Others have argued that the credit gap is not appropriate in a particular country at a given point in time (eg Reserve Bank of South Africa (2011), Wolken (2013)). The latter type of argument must be carefully backed by analysis, as there is a temptation to generalise from episodes when the gap gave wrong signals. This in and of itself does not invalidate the early warning properties of the credit gap, as these can be assessed only in a larger sample. And its superior cross-country performance sets a high bar for such arguments, suggesting that they would be the exception rather than the rule. The background analysis must also tackle the challenge of a small sample: statistical assessments for single countries are difficult given the low number of crises (generally two or fewer).

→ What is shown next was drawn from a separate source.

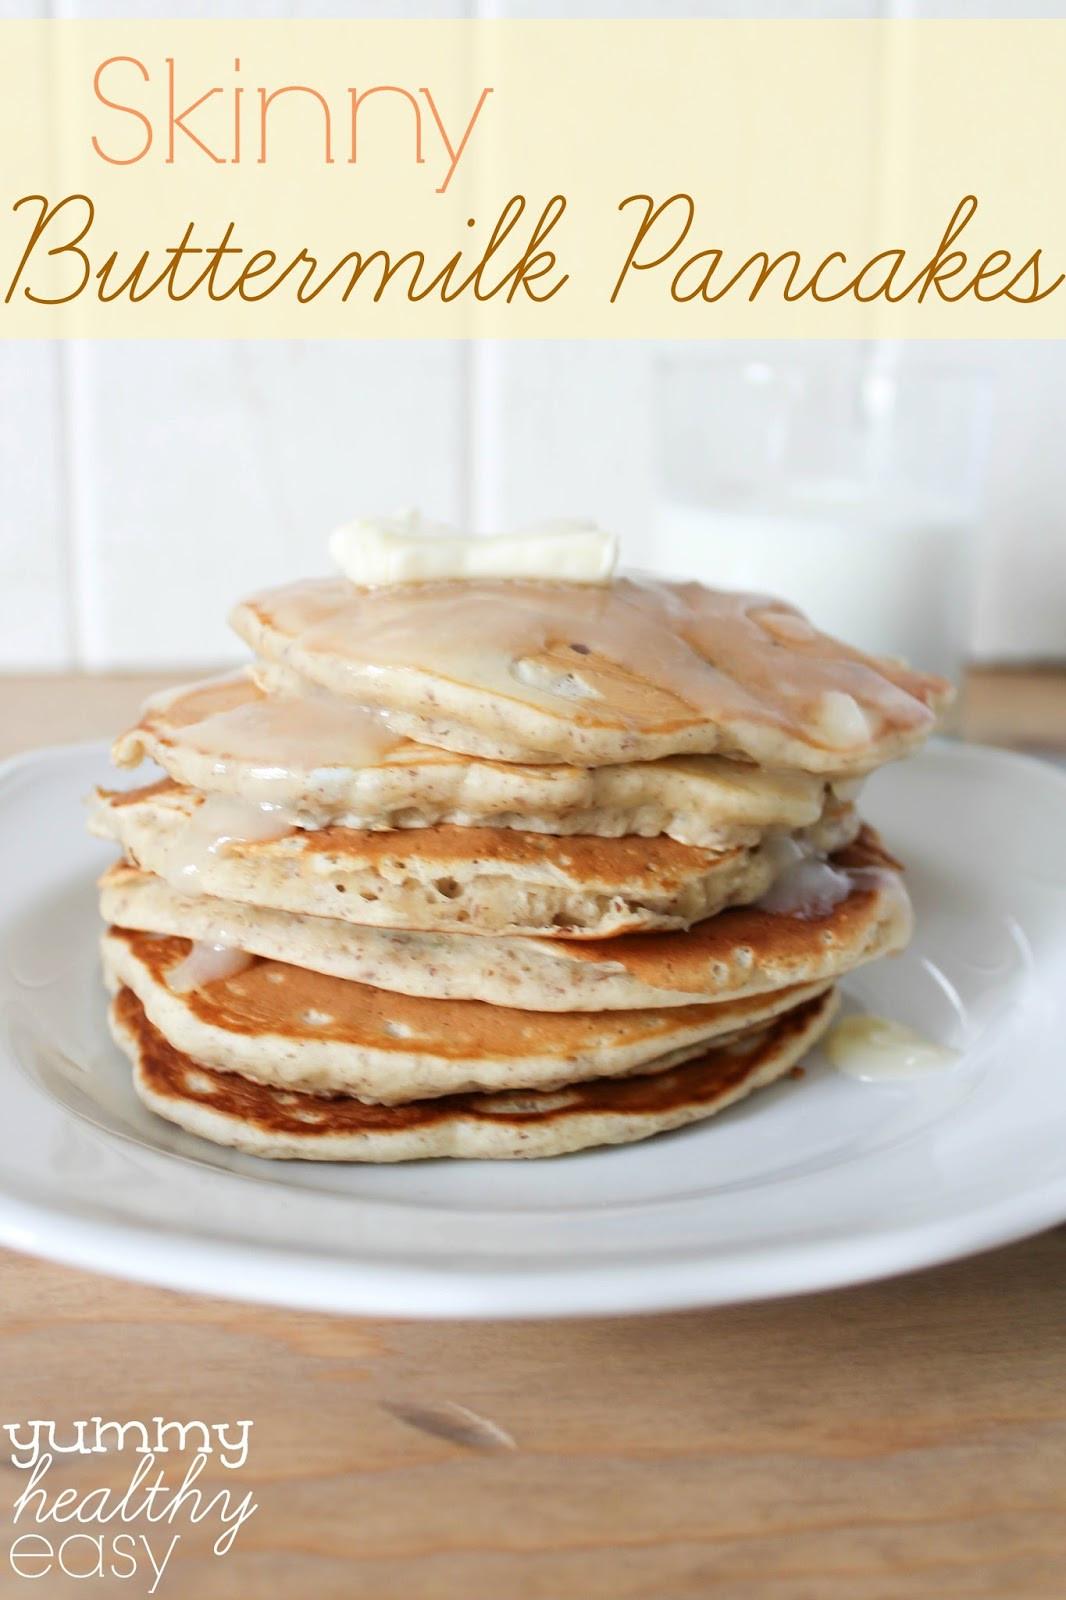 Healthy Buttermilk Pancakes  Skinny Buttermilk Pancakes Yummy Healthy Easy

Noise in the signal produced by the credit gap in specific circumstances may occur in periods when the ratio increases because of a collapse in the denominator (GDP) rather than a surge in the numerator (credit). This tends to occur in the early stages of a recession. As discussed above, the mechanical use of the indicator could produce unintended effects in these situations, but this risk is low given the room for discretion provided by the framework and the fact that the CCB would not be active in most of those situations. Nevertheless, Kauko (2012) suggests using a five-year moving average instead of current GDP levels in the denominator of the ratio as a way of minimising the problem of sudden falls in GDP. This approach could reduce the number of wrong signals in recessions, but results in a credit gap with a somewhat lower AUC compared with those using actual GDP. So, reducing the rate of false positives when a fall in GDP is the driver of the increase comes at the cost of lower overall predictive ability.9
Ironically, the adoption of the credit gap as an anchor for policy decisions may eventually weaken its signalling properties without invalidating its function as a guide. Goodhart (1975) postulated that a variable used to guide policy may lose its information content precisely because it is embedded in the policy framework. In an ideal world where signals are accurate and policy responses perfectly gauged, the building of capital buffers would protect banks against the build-up of vulnerabilities but may also defuse the underlying risks, and thus weaken the statistical link between the credit gap and crises. But this should be seen as a sign of success and not negate the usefulness of the indicator for policy, or be interpreted as a reason to abandon the CCB altogether.10
Is the credit-to-GDP gap a good early warning indicator for emerging market economies?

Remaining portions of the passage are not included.